■ **EXERCISE DATA**
################
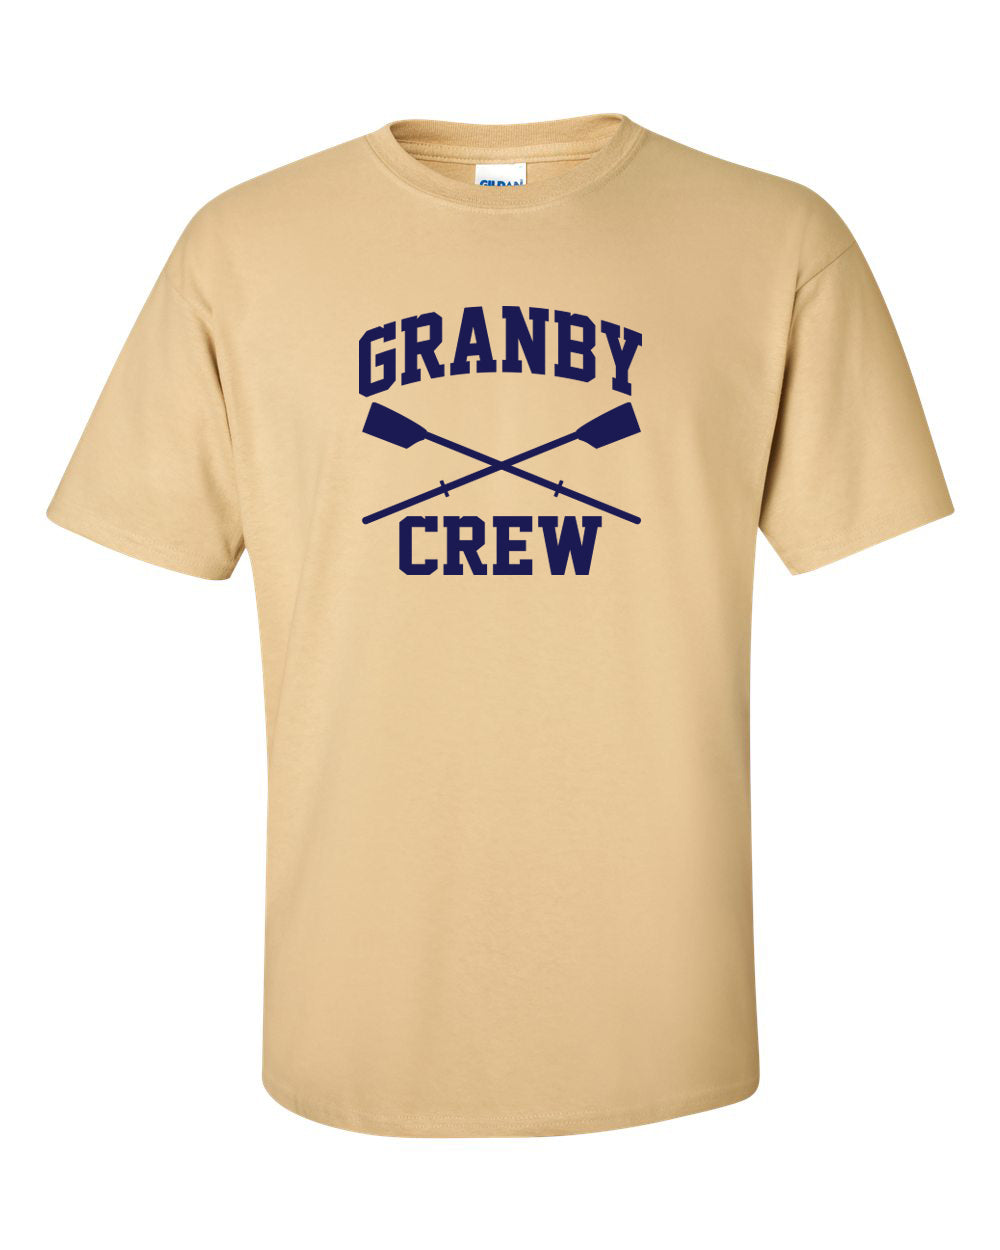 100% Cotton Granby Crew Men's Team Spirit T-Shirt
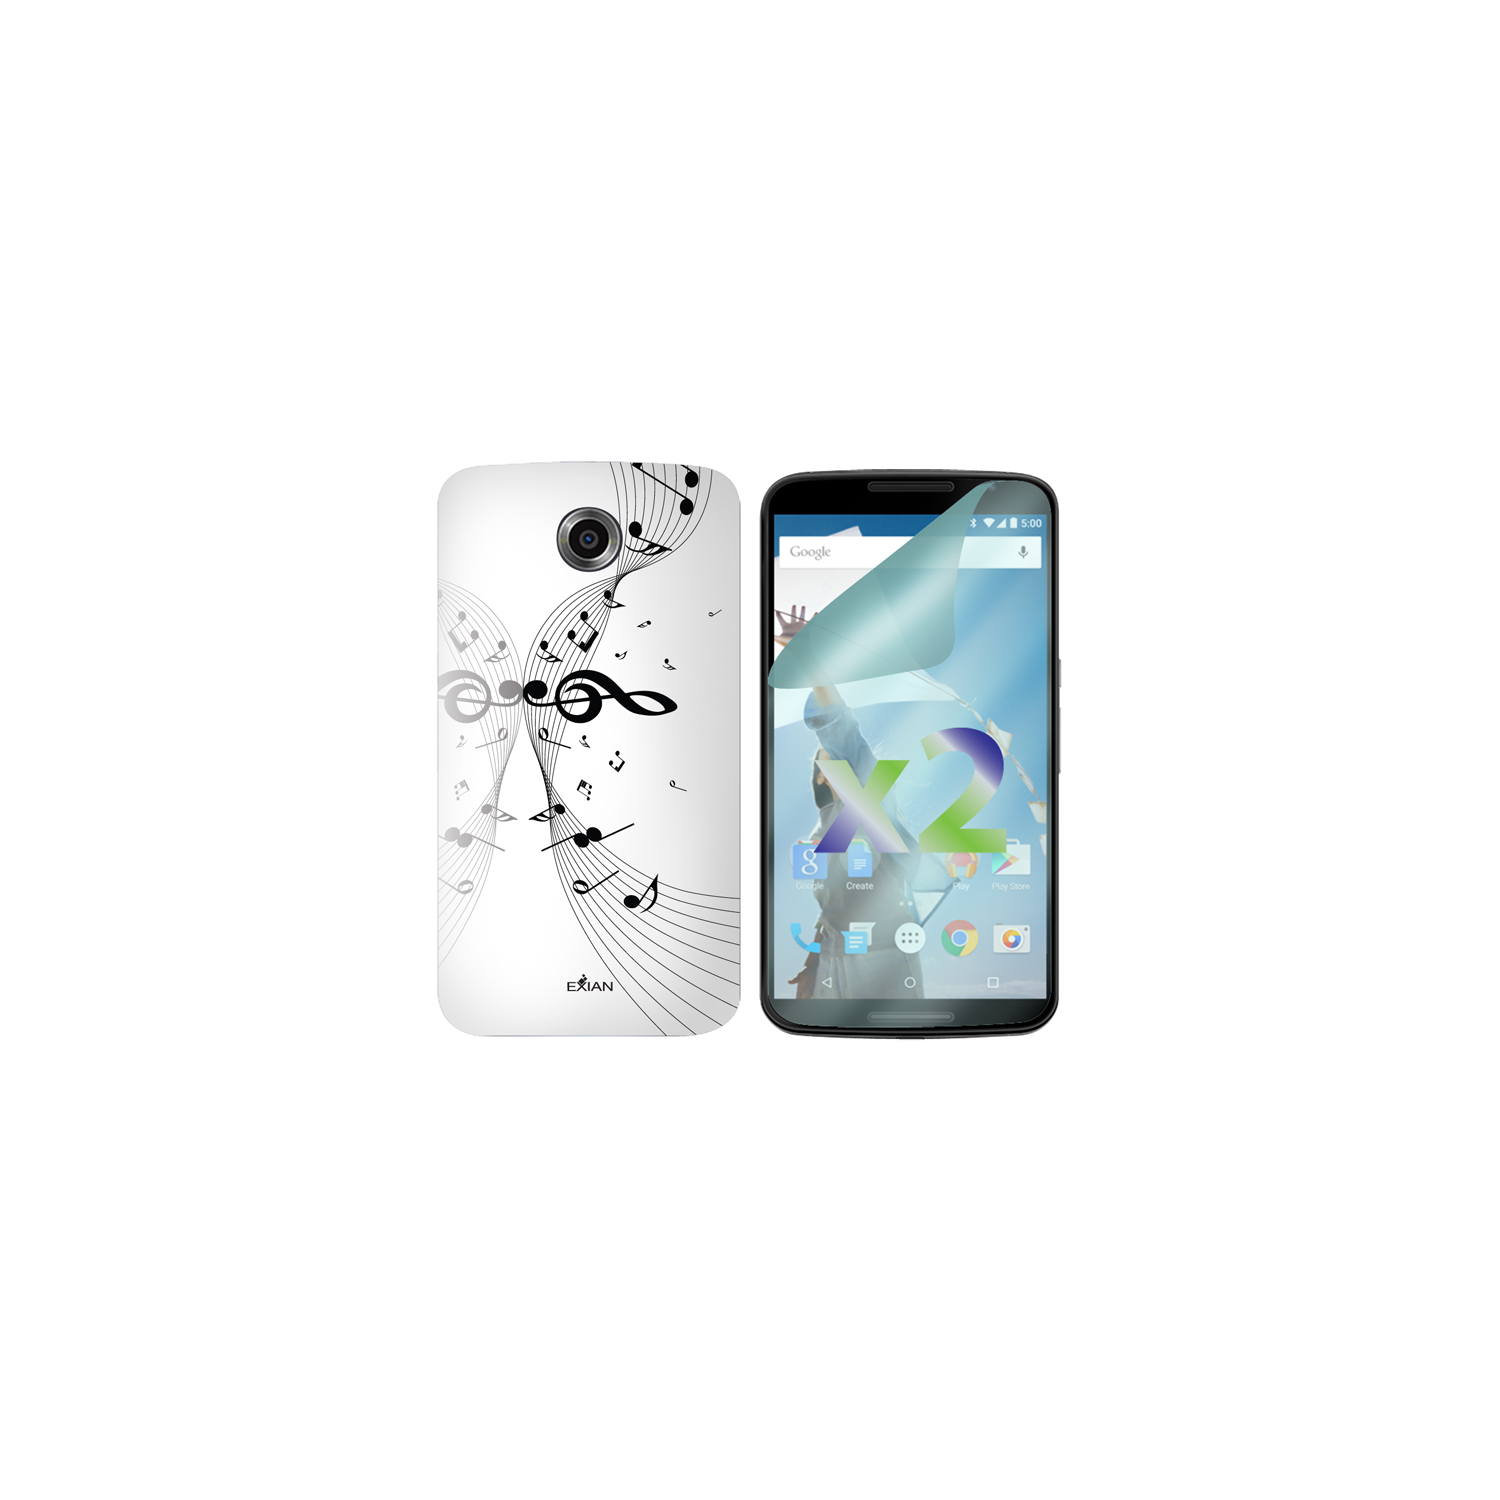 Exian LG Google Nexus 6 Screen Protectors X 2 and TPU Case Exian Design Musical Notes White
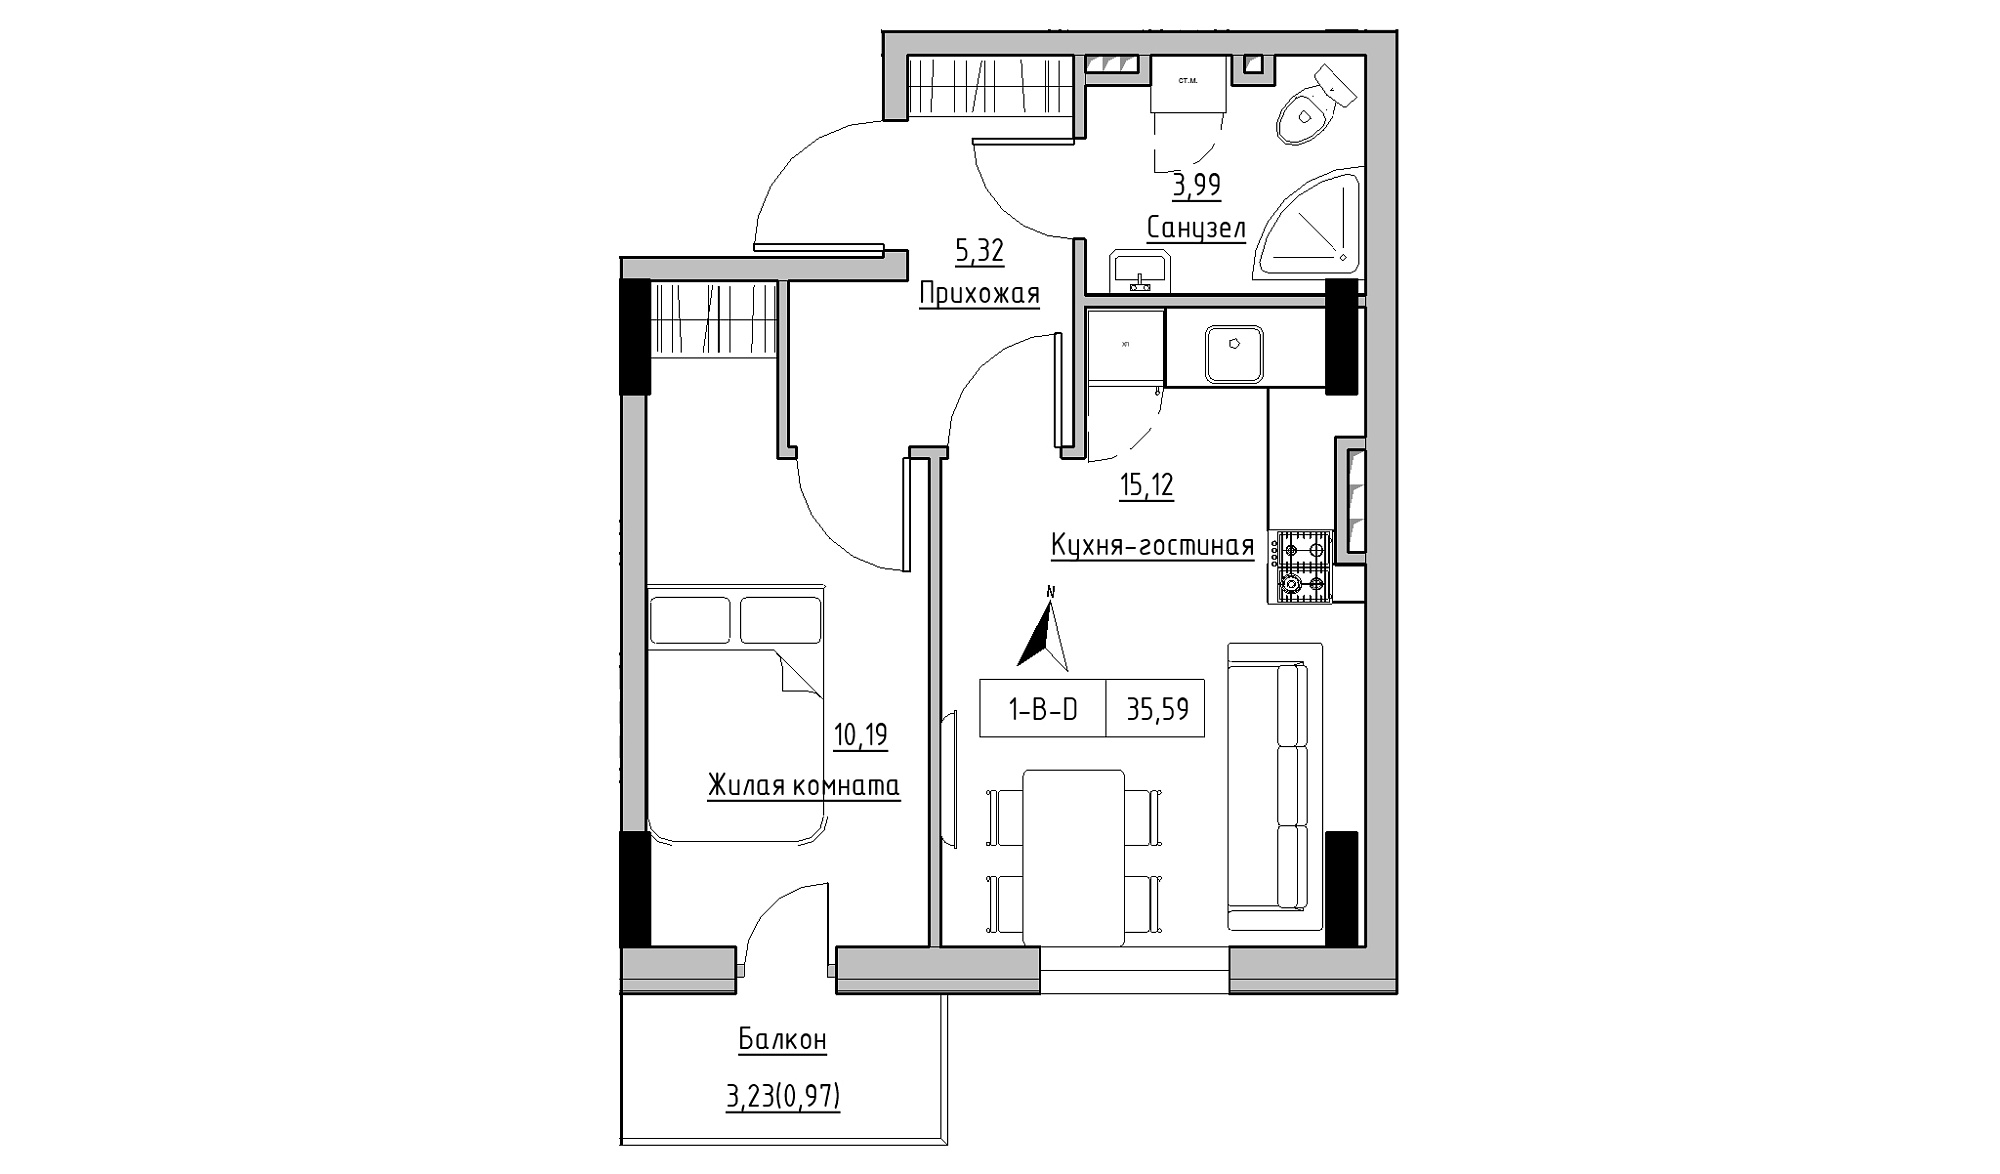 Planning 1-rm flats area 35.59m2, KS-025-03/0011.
################
Repeat the listing above in full, exactly, and omit its pictures.

 100% Cotton Granby Crew Men's Team Spirit T-Shirt
 Exian LG Google Nexus 6 Screen Protectors X 2 and TPU Case Exian Design Musical Notes White
 Planning 1-rm flats area 35.59m2, KS-025-03/0011.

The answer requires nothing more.